**What to work on:** Beginning with the line that contains "8bit NES style", restate each line below through the final one exactly, and exclude the pictures.

━━ Data excerpt ━━

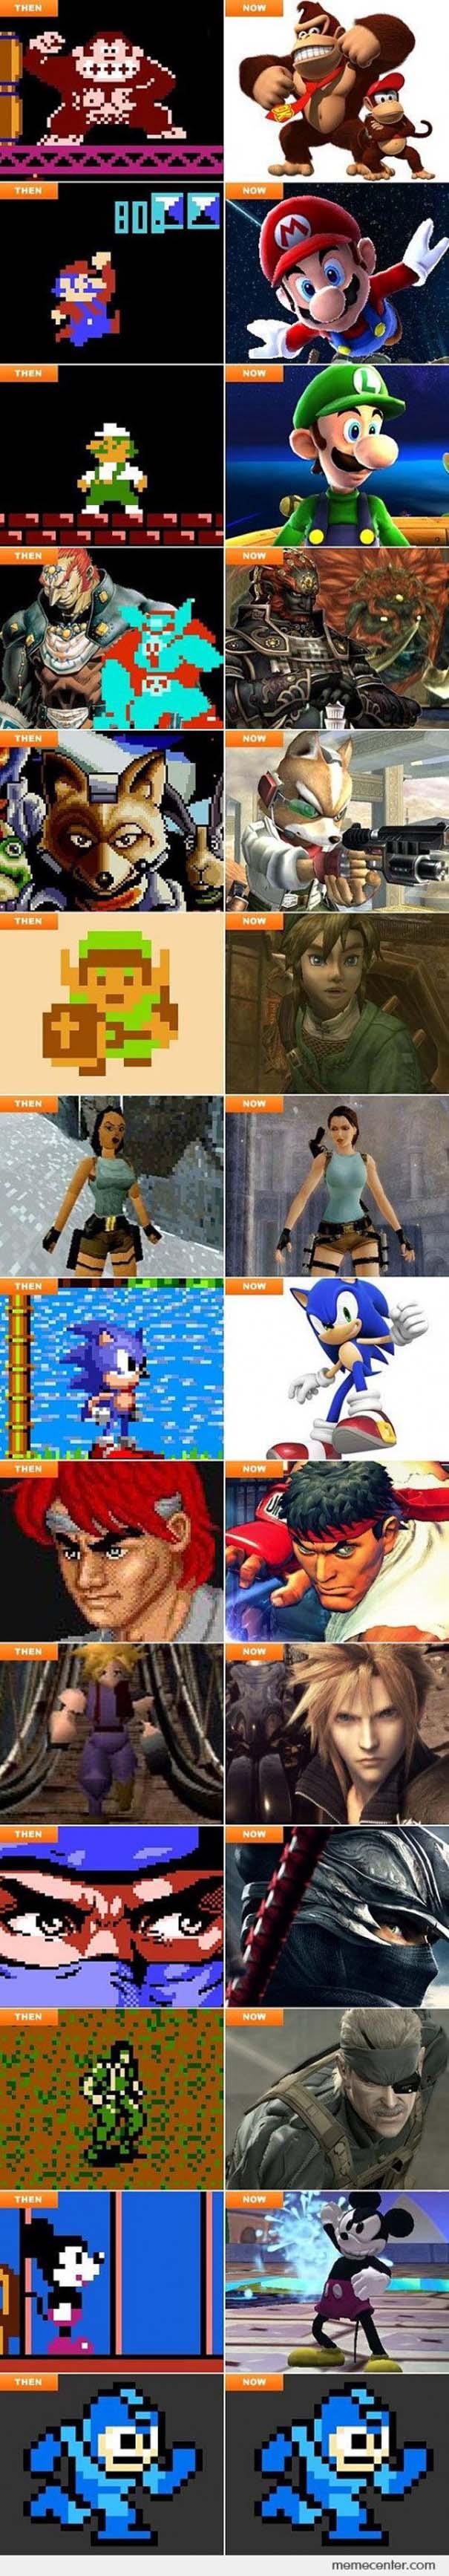 Χαρακτήρες από video games τότε και τώρα (2)
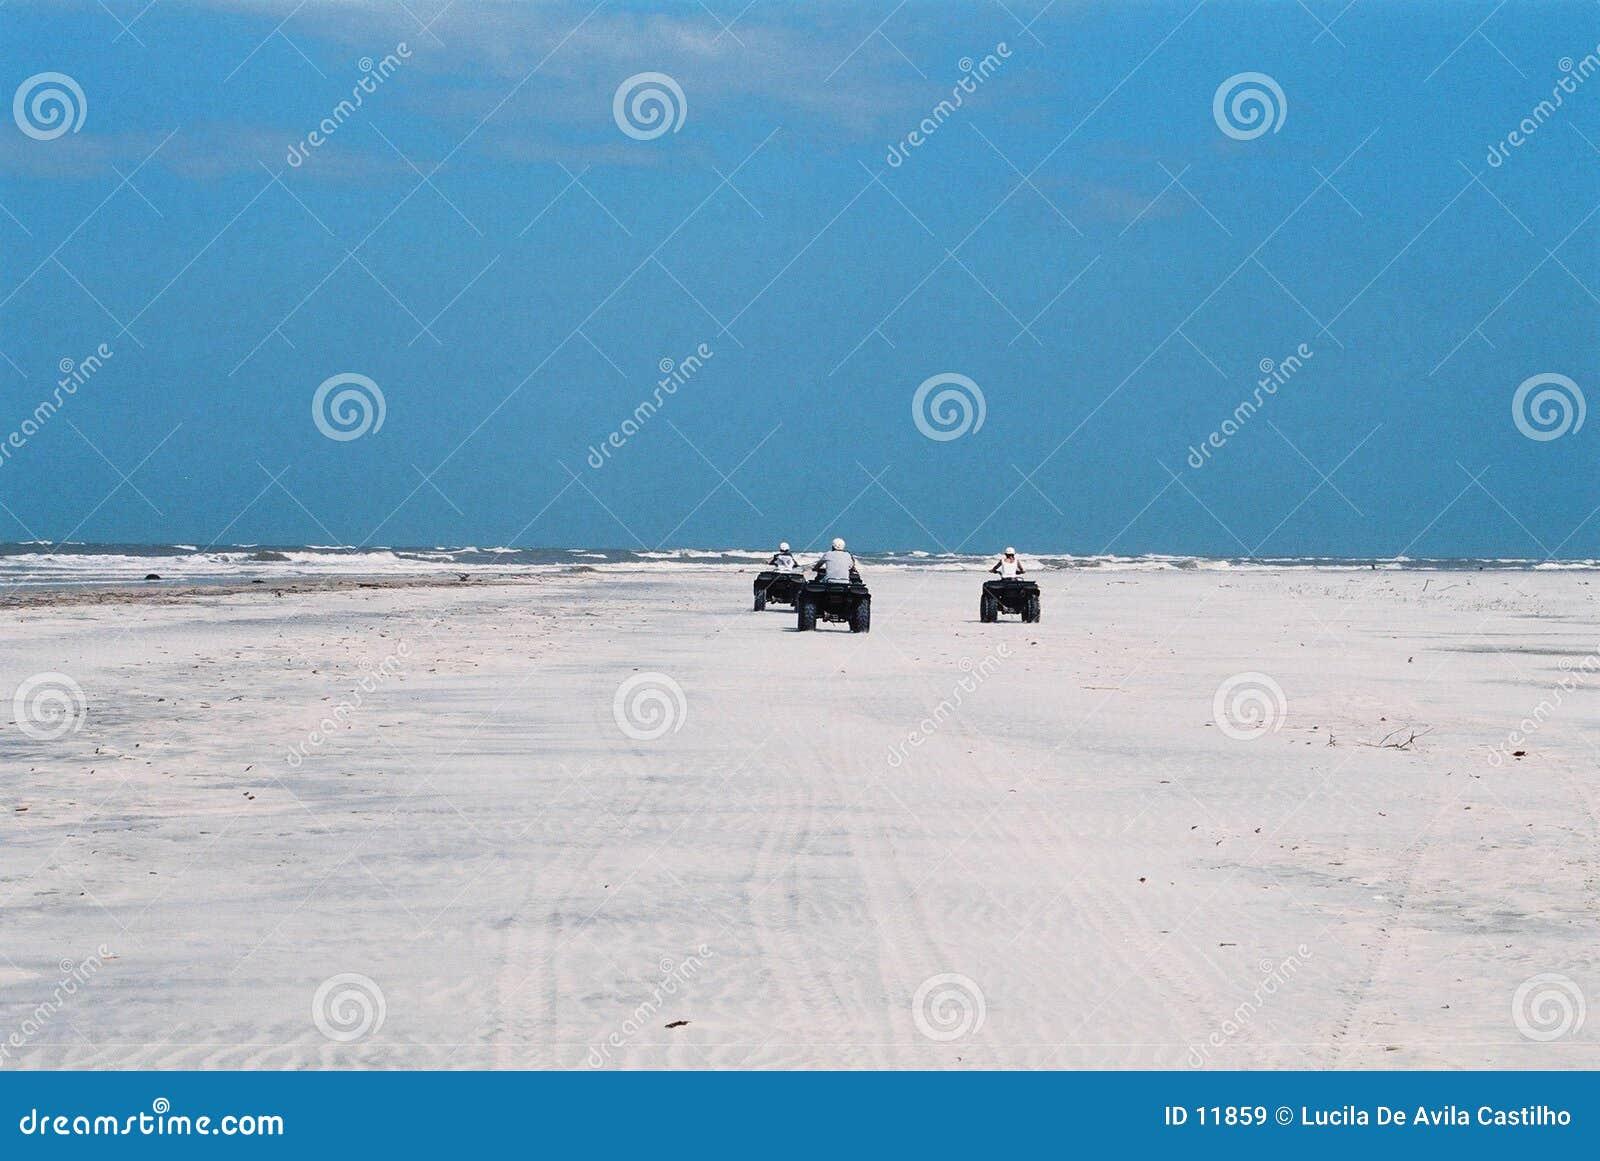 Aventure à la plage abandonnée
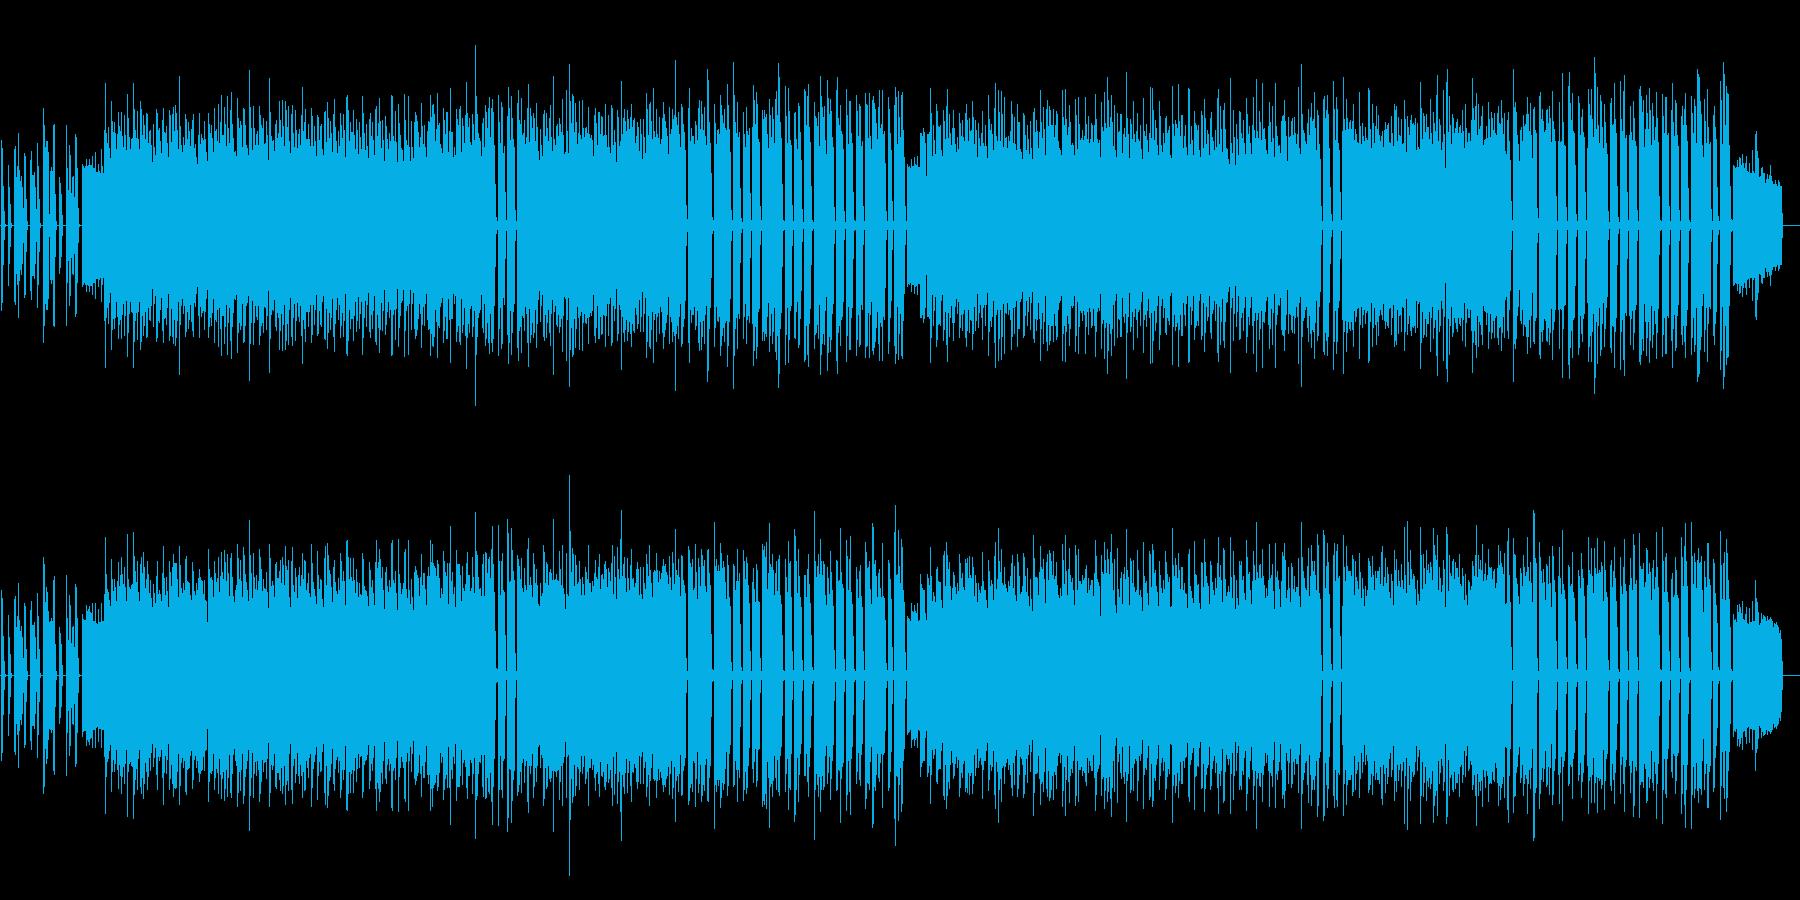 8bit NES style nostalgic music's reproduced waveform
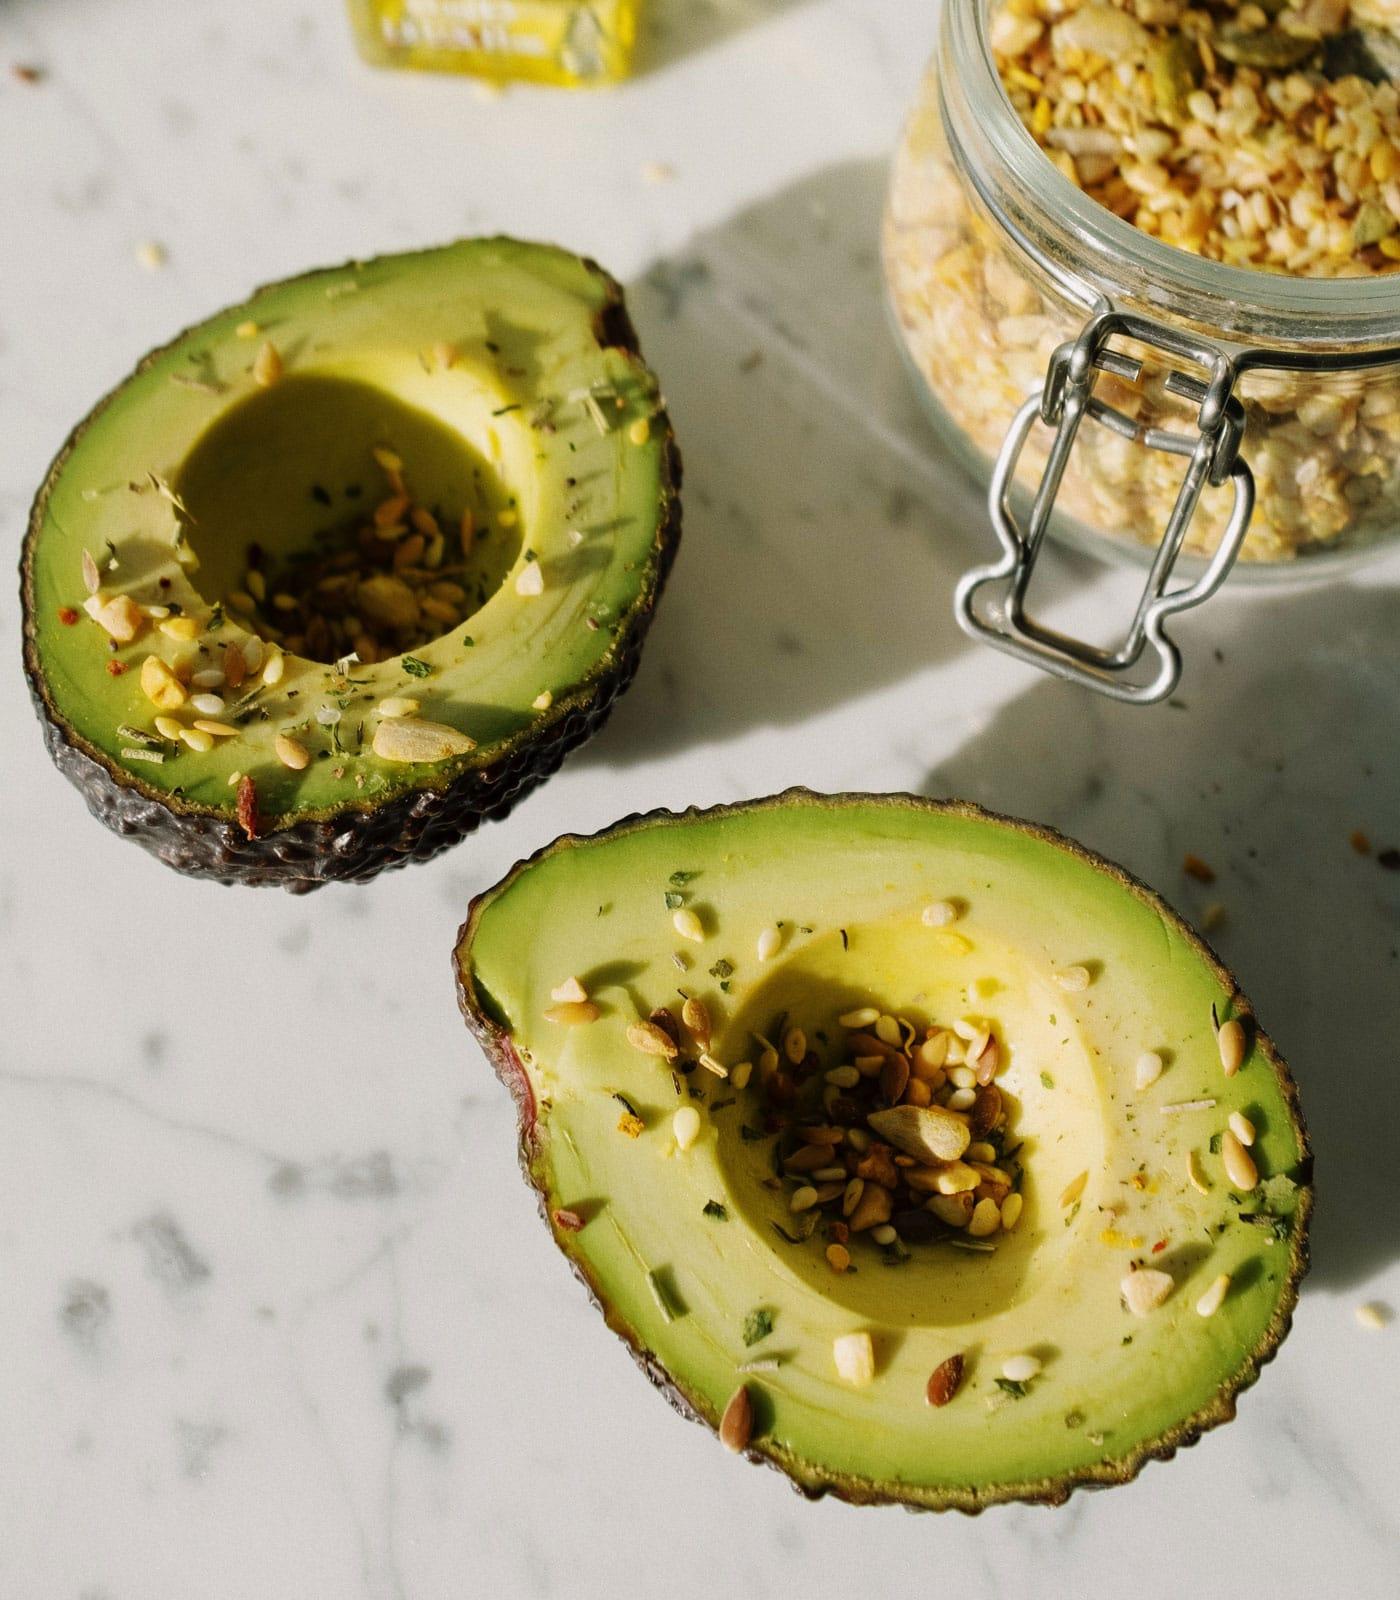 Vegetarische Kost für Kinder und Teenager: Avocados und Nüsse // HIMBEER

━━━

**Answer area:**
 8bit NES style nostalgic music's reproduced waveform
 Vegetarische Kost für Kinder und Teenager: Avocados und Nüsse // HIMBEER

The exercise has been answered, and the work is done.